A complete history and physical examination are performed to detect specific clinical findings. The patient also often undergoes many diagnostic tests and relies on the nurse for specific instructions and explanations. Surgical intervention may be indicated. The patient often needs lifelong hormone replacement therapy, and physical and emotional support are critical.
Disorders of the Anterior Pituitary Gland
The anterior pituitary gland (adenohypophysis) controls growth, metabolic activity, and sexual development through the actions of these hormones:
• Growth hormone (GH; somatotropin)
• Thyrotropin (thyroid-stimulating hormone [TSH])
• Corticotropin (adrenocorticotropic hormone [ACTH])
• Follicle-stimulating hormone (FSH)
• Melanocyte-stimulating hormone (MSH)
Hormone disorders of the anterior pituitary gland can result from problems arising within the anterior pituitary gland itself (primary pituitary dysfunction) or from problems in the hypothalamus that change anterior pituitary function (secondary pituitary dysfunction). In either case, one or more hormones may be undersecreted (pituitary hypofunction) or oversecreted (pituitary hyperfunction).
Hypopituitarism
Pathophysiology
A person with hypopituitarism has a deficiency of one or more anterior pituitary hormones, resulting in metabolic problems and sexual dysfunction. If only one hormone is affected, the condition is known as selective hypopituitarism. Decreased production of all of the anterior pituitary hormones is an extremely rare condition known as panhypopituitarism.

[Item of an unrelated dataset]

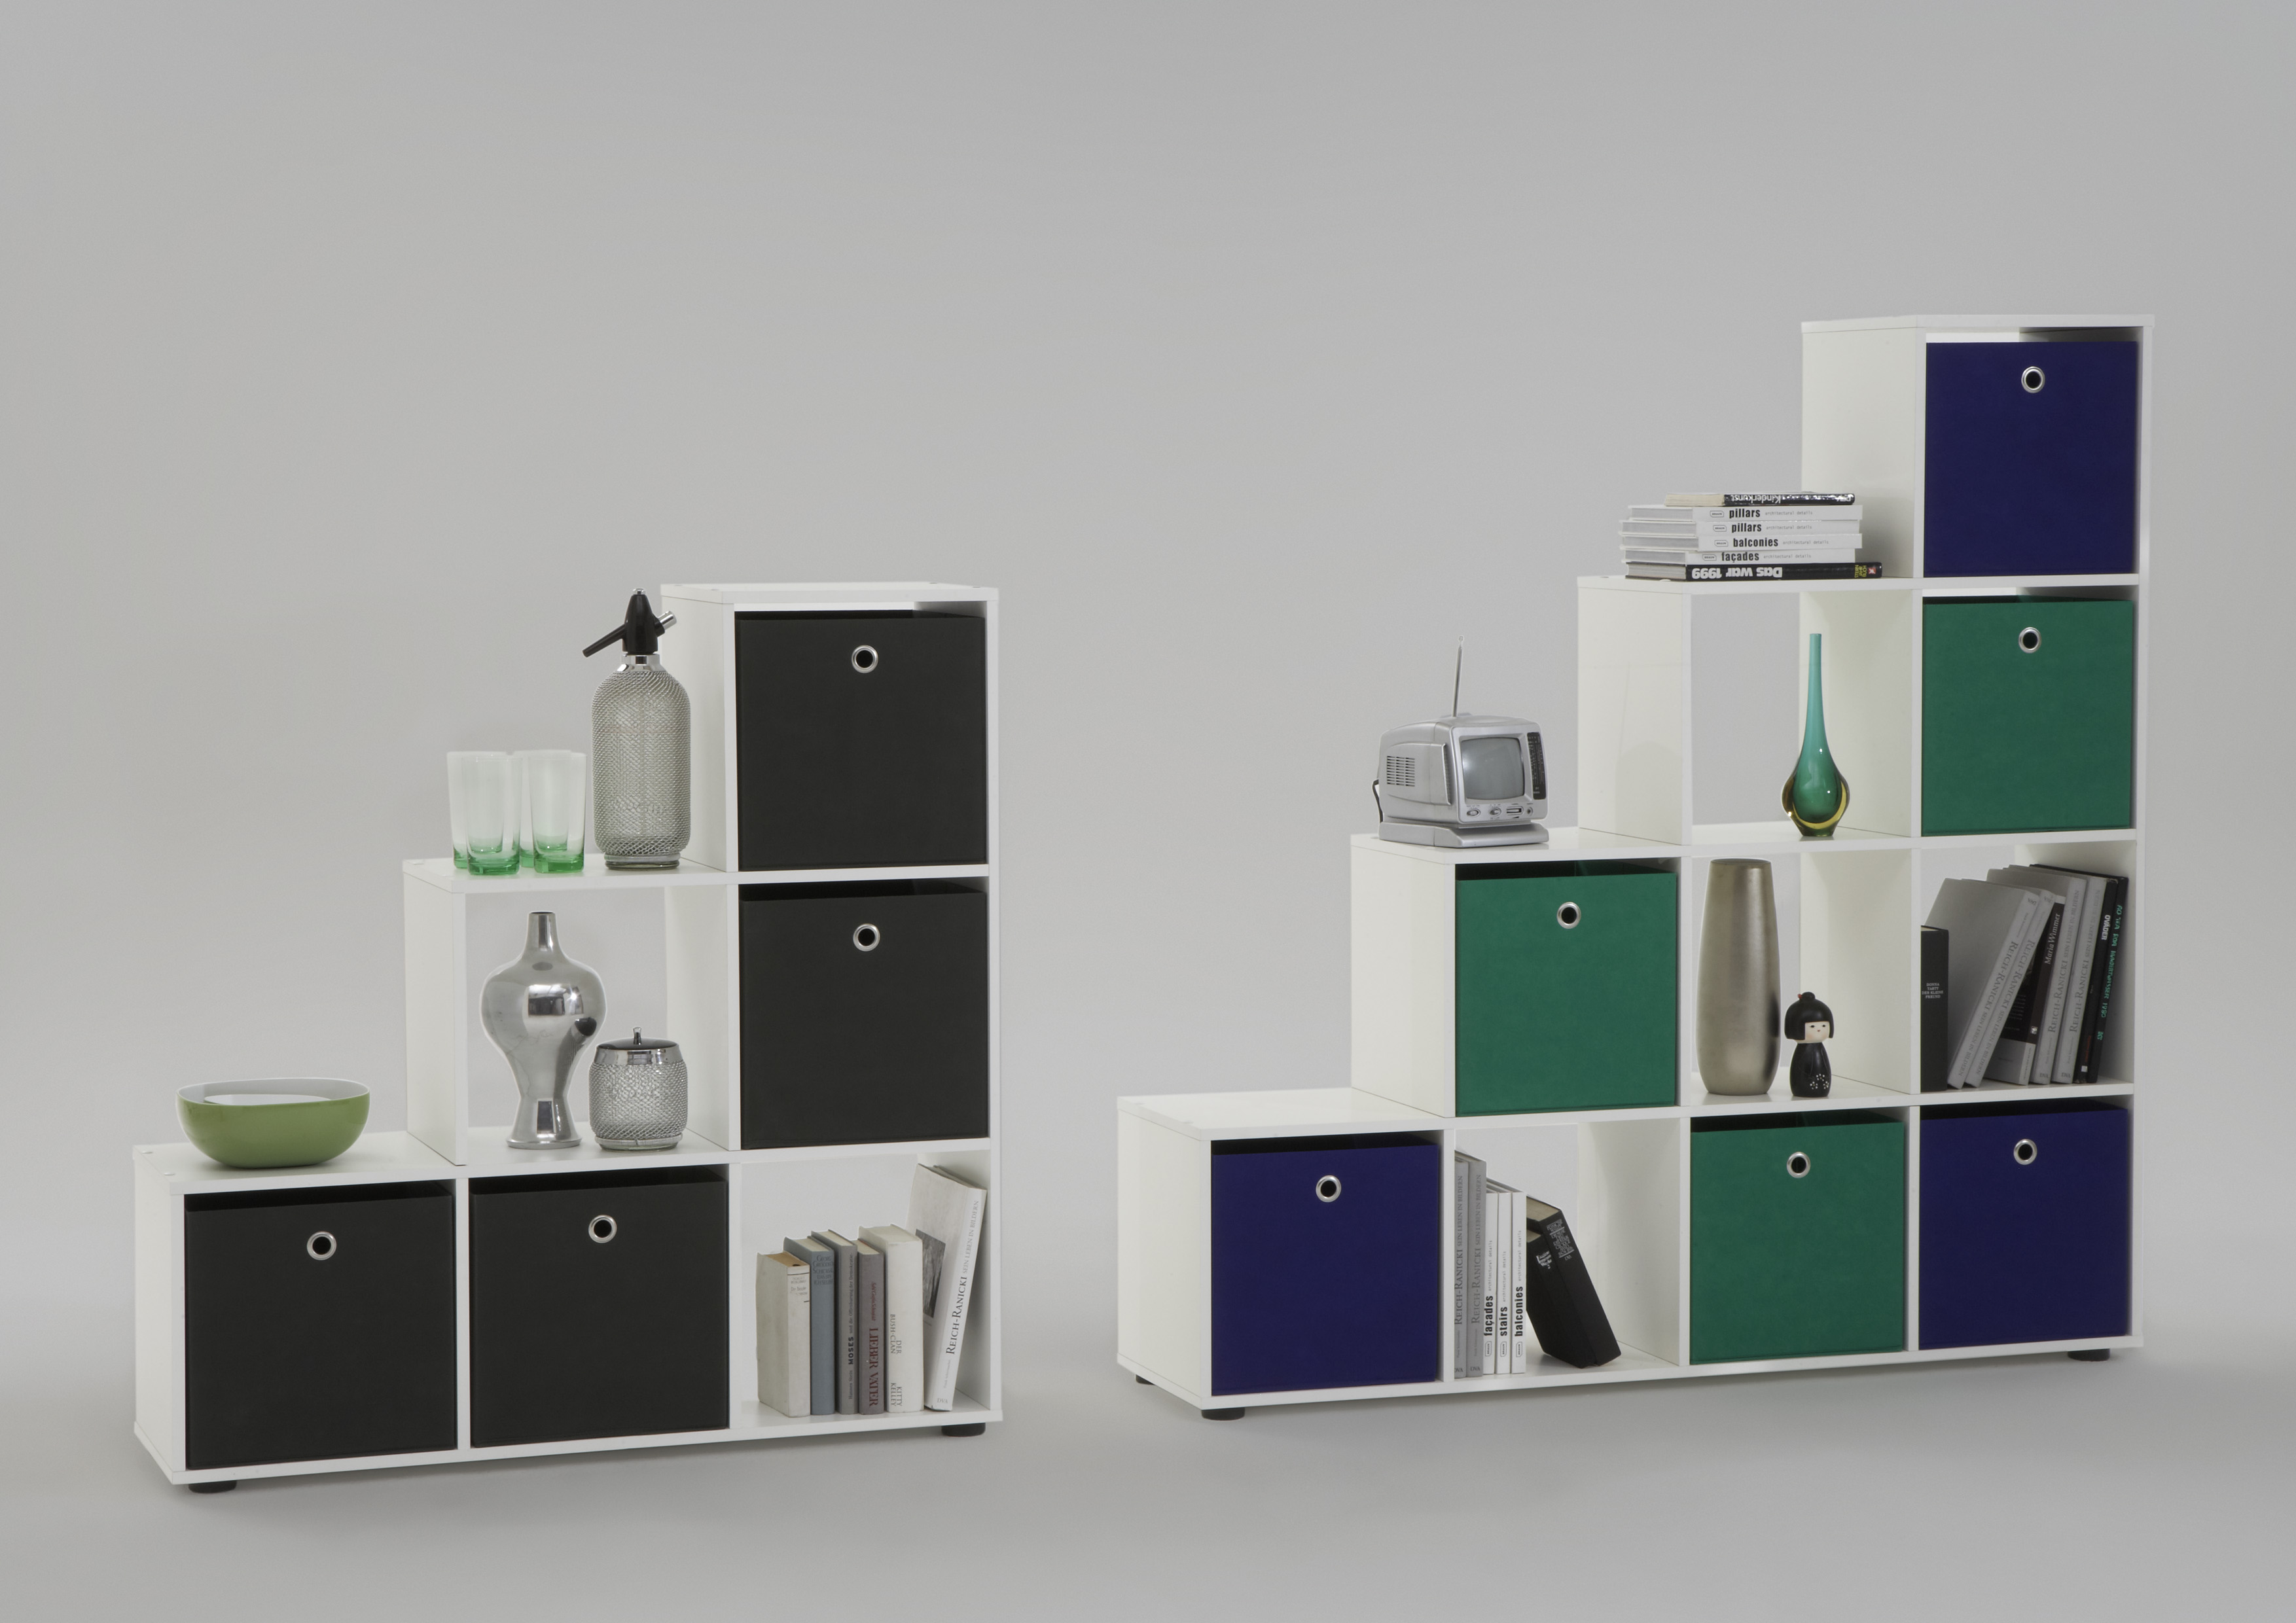 mega 1 raumteiler bestseller shop f r m bel und einrichtungen. Black Bedroom Furniture Sets. Home Design Ideas

More commonly, there is a decrease in the secretion of one hormone and a lesser decrease in the secretion of other hormones. Deficiencies of adrenocorticotropic hormone (ACTH) and thyroid-stimulating hormone (TSH) are the most life threatening because they cause a decrease in the secretion of vital hormones from the adrenal and thyroid glands. Adrenal gland hypofunction is discussed on pp. 1381-1384; hypothyroidism is discussed in Chapter 66.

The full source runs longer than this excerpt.